* [Exercise requirements]:
The range to repeat runs from the line with "Picture of Gonso" to the last line below, both ends included; give it exactly and without pictures.

* [Recorded information]:

---+---

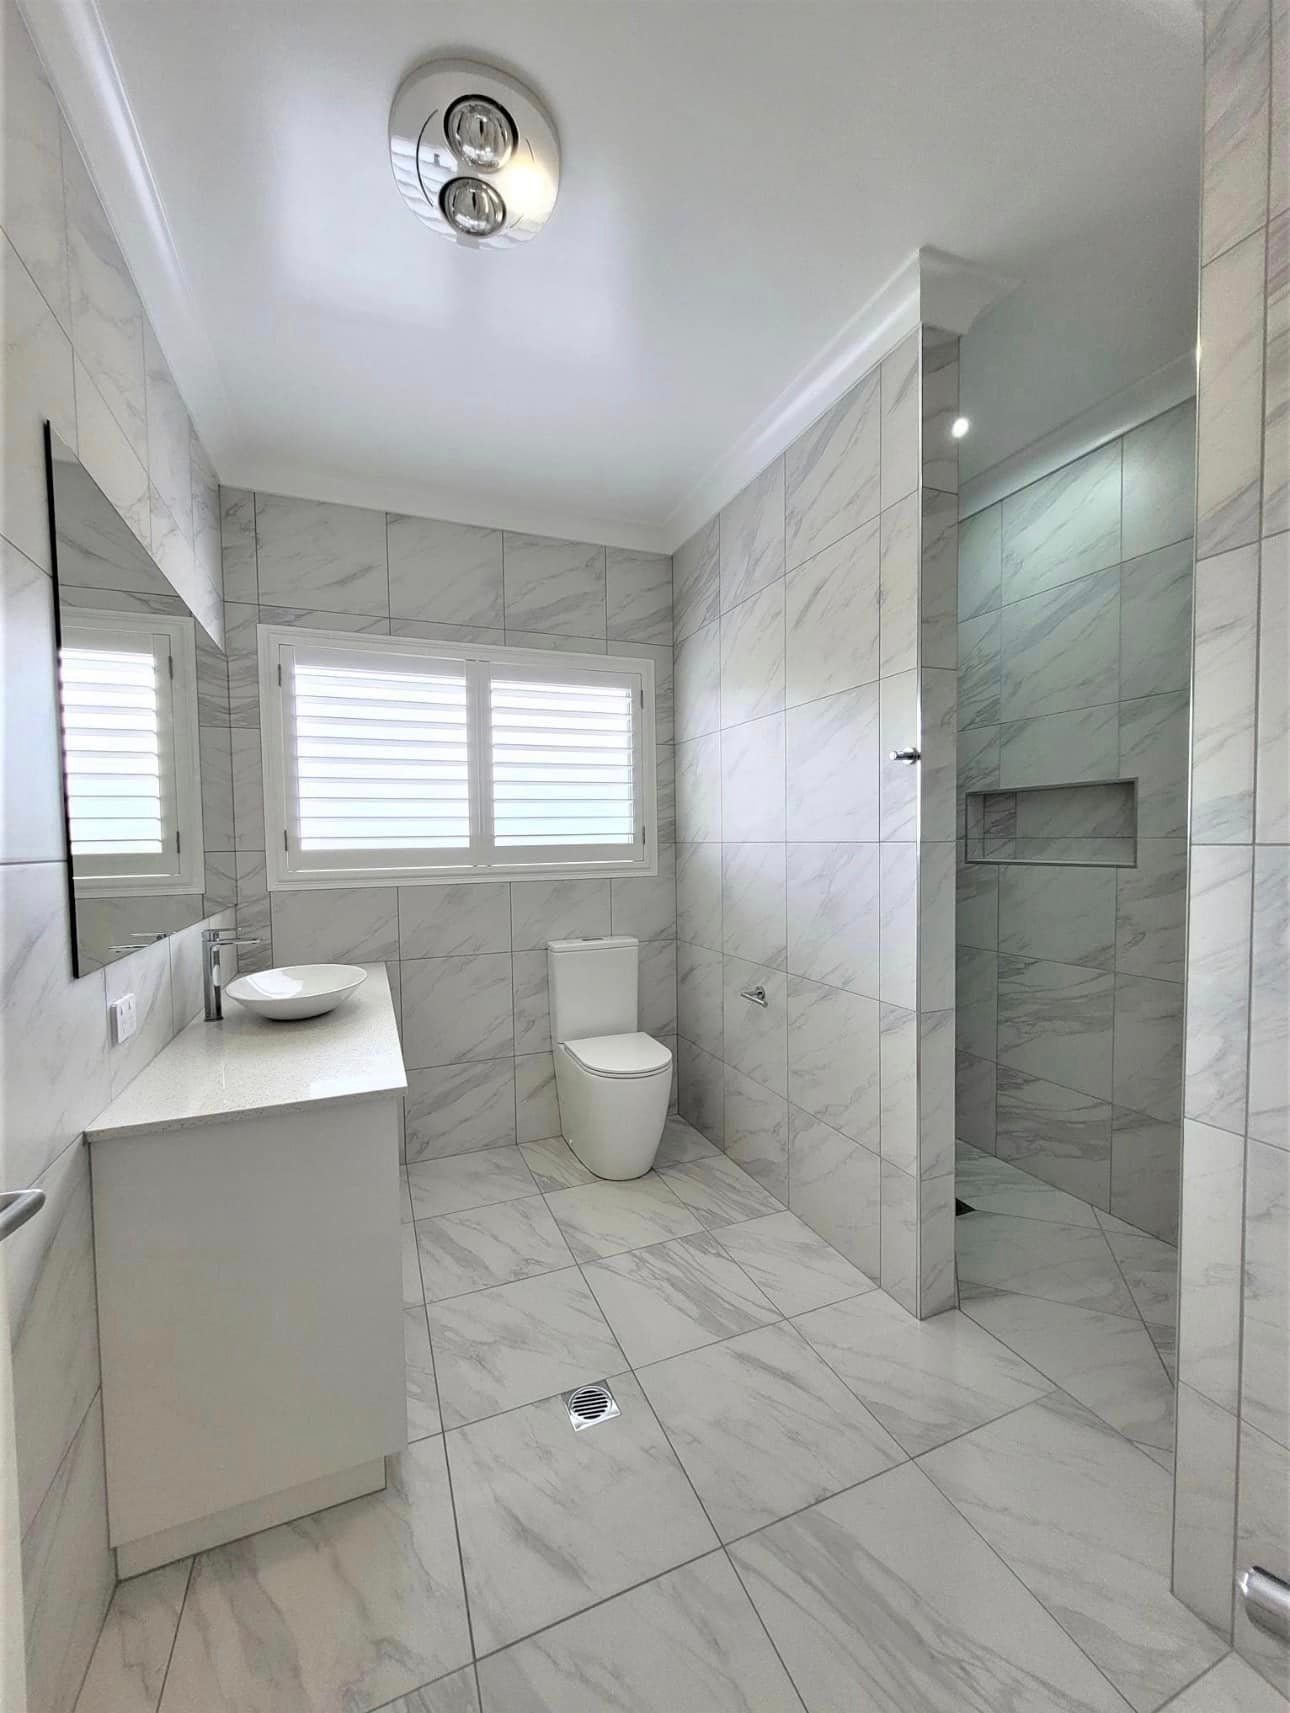 Brand New Bathroom with a Toilet, Sink, Mirror, and Shower — Waterproofing Solutions in Toowoomba, QLD
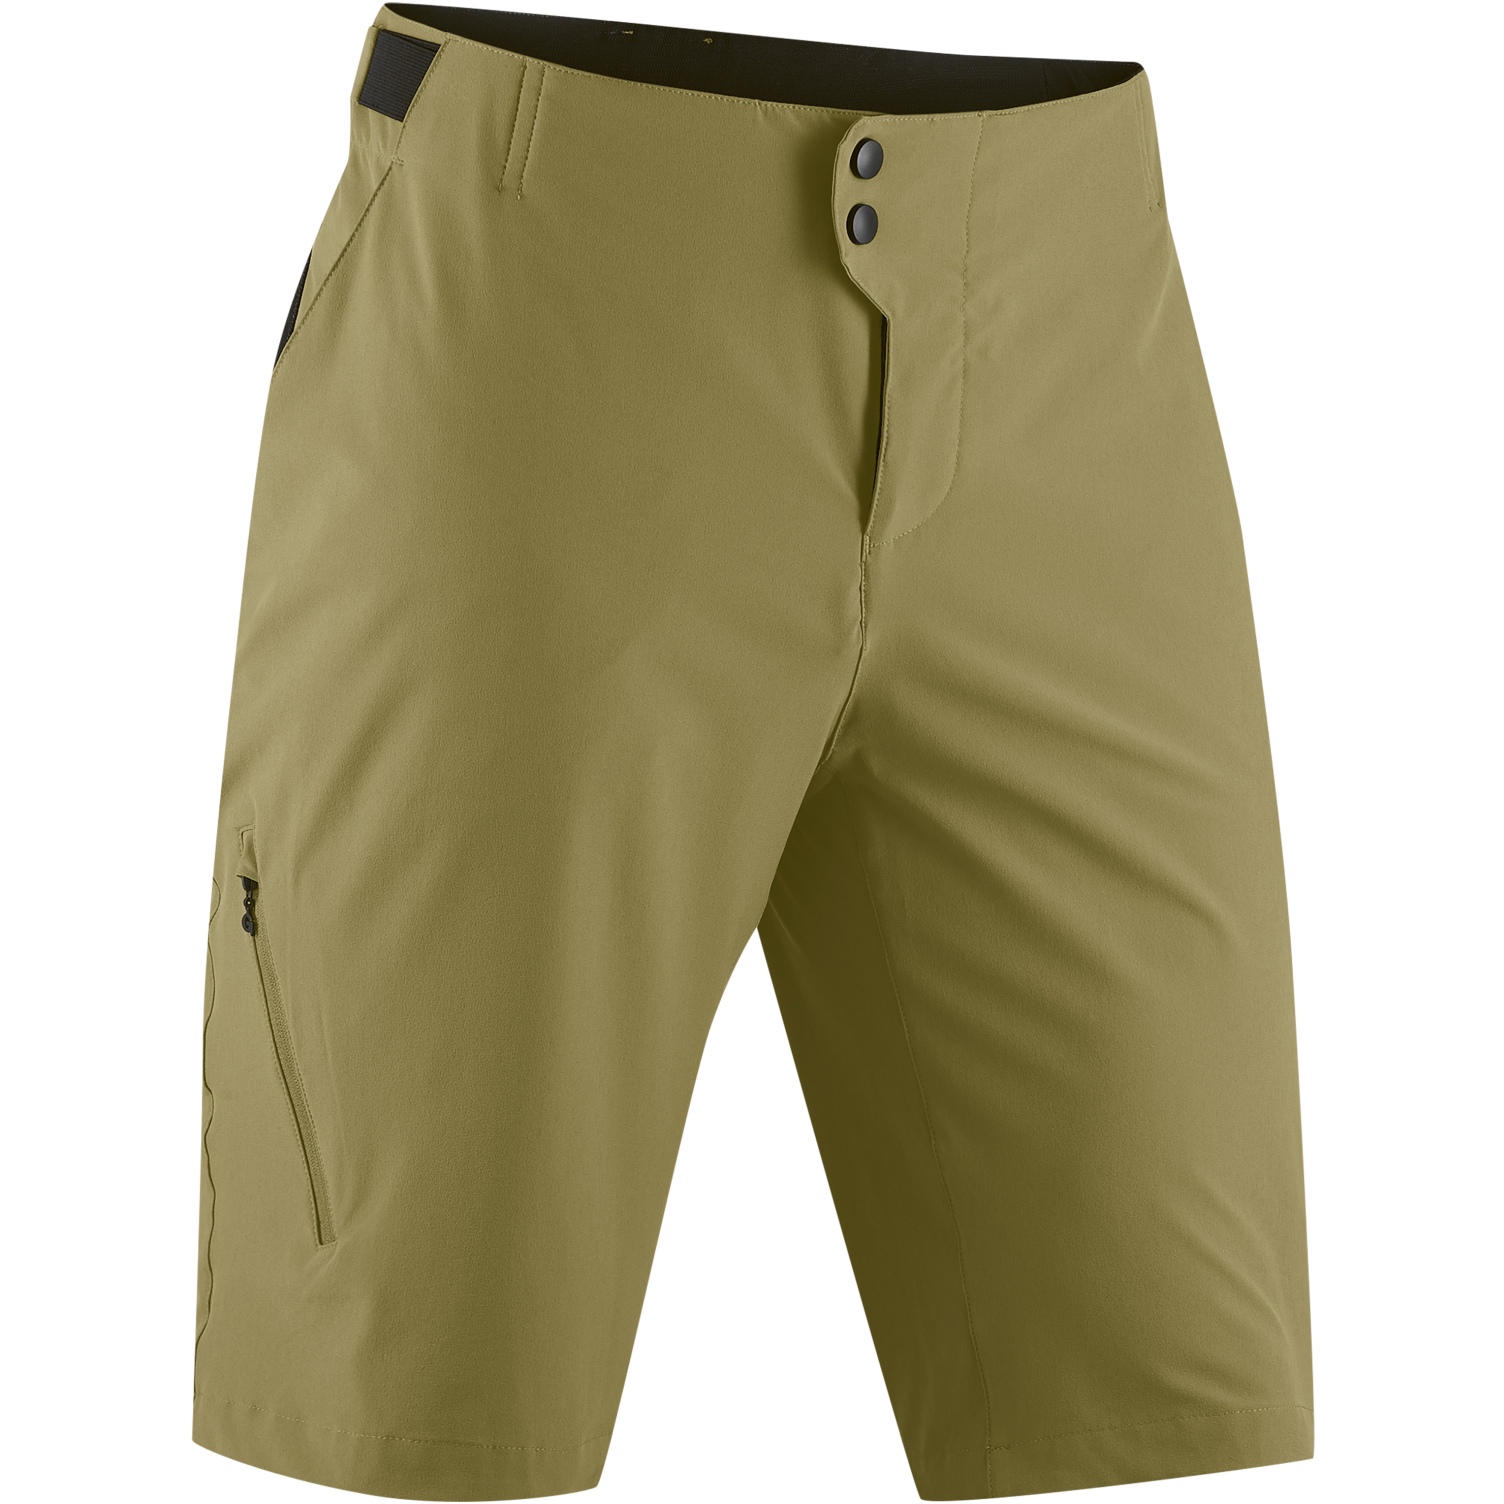 Picture of Gonso Fumero Bike Shorts Men - Dusty Countryside
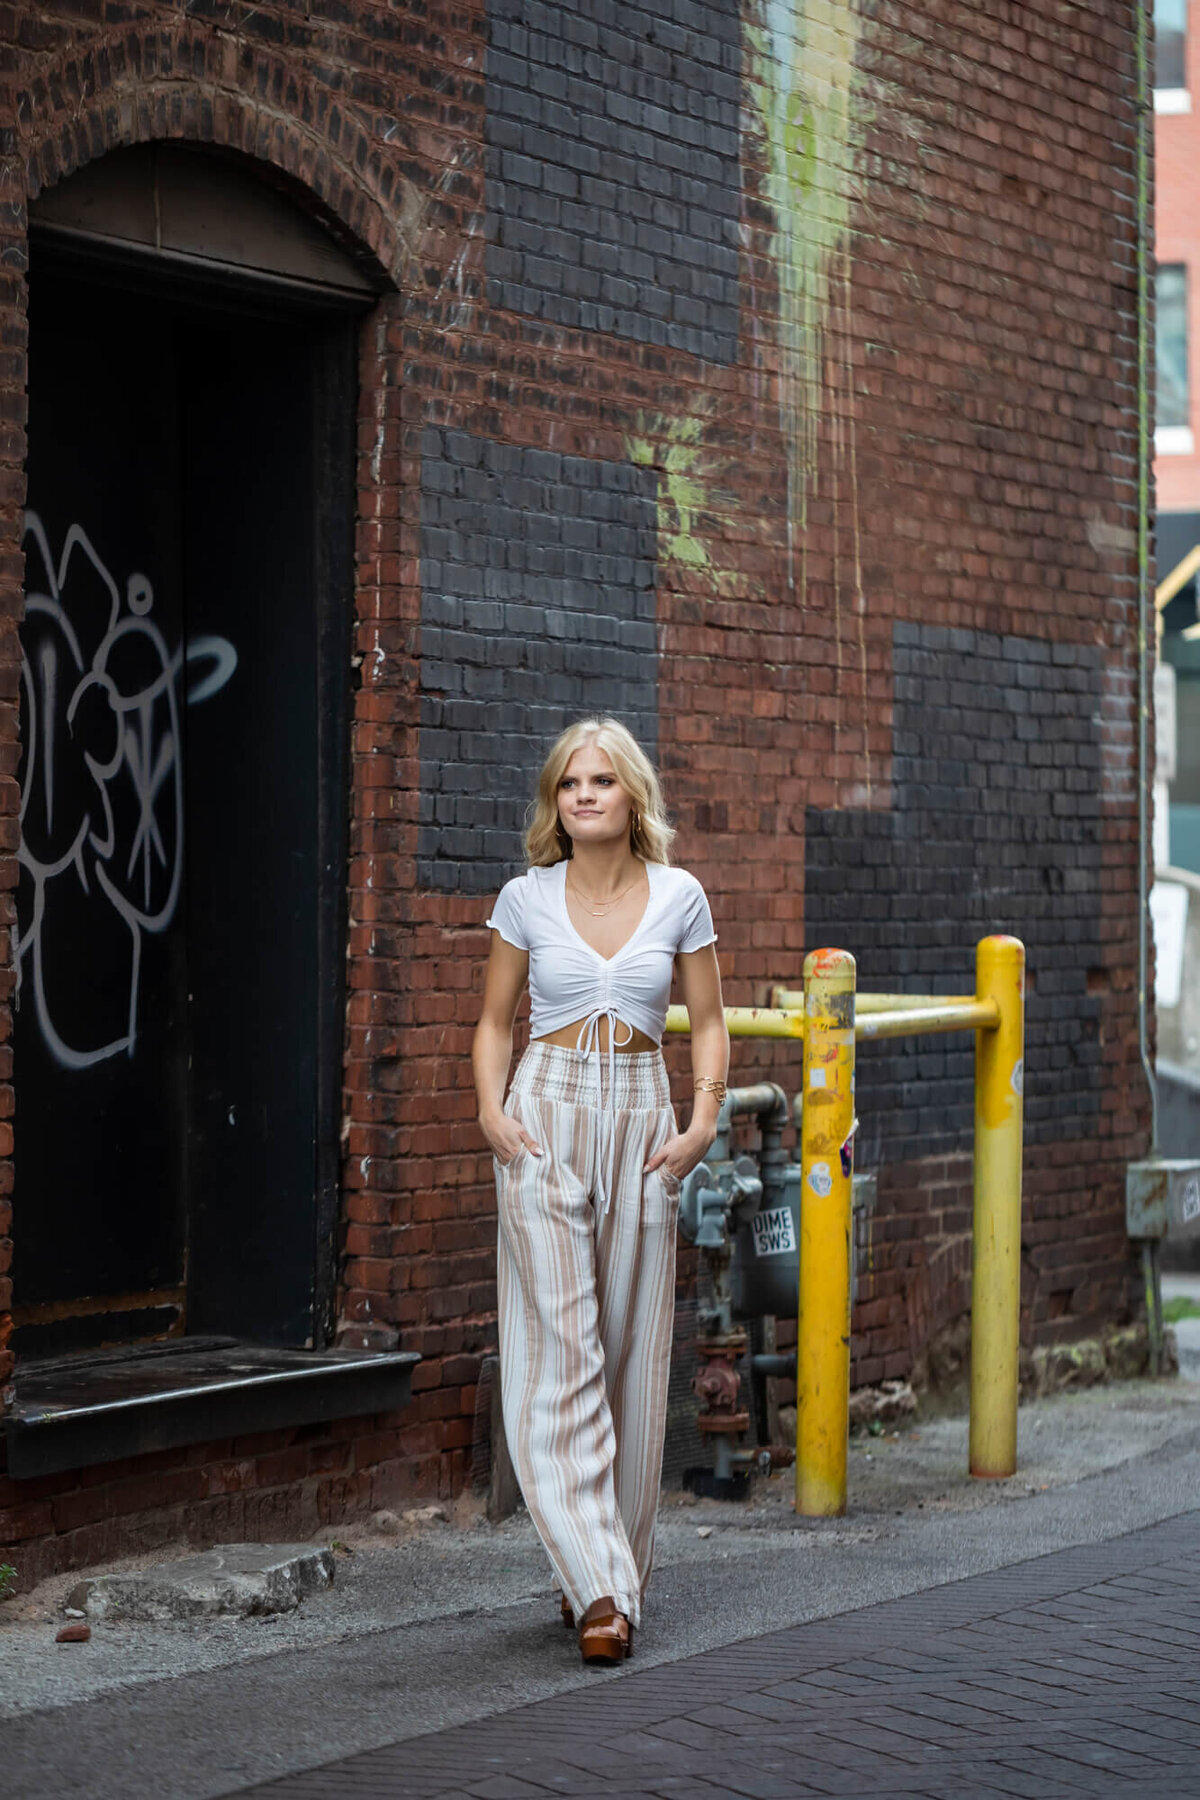 A casual senior portrait of a beautiful blonde high school senior walking in a downtown alleyway with graffiti. Captured by senior photographer Dynae Levingston.

---+---

* [Your response]:
 Picture of Gonso Fumero Bike Shorts Men - Dusty Countryside
 A casual senior portrait of a beautiful blonde high school senior walking in a downtown alleyway with graffiti. Captured by senior photographer Dynae Levingston.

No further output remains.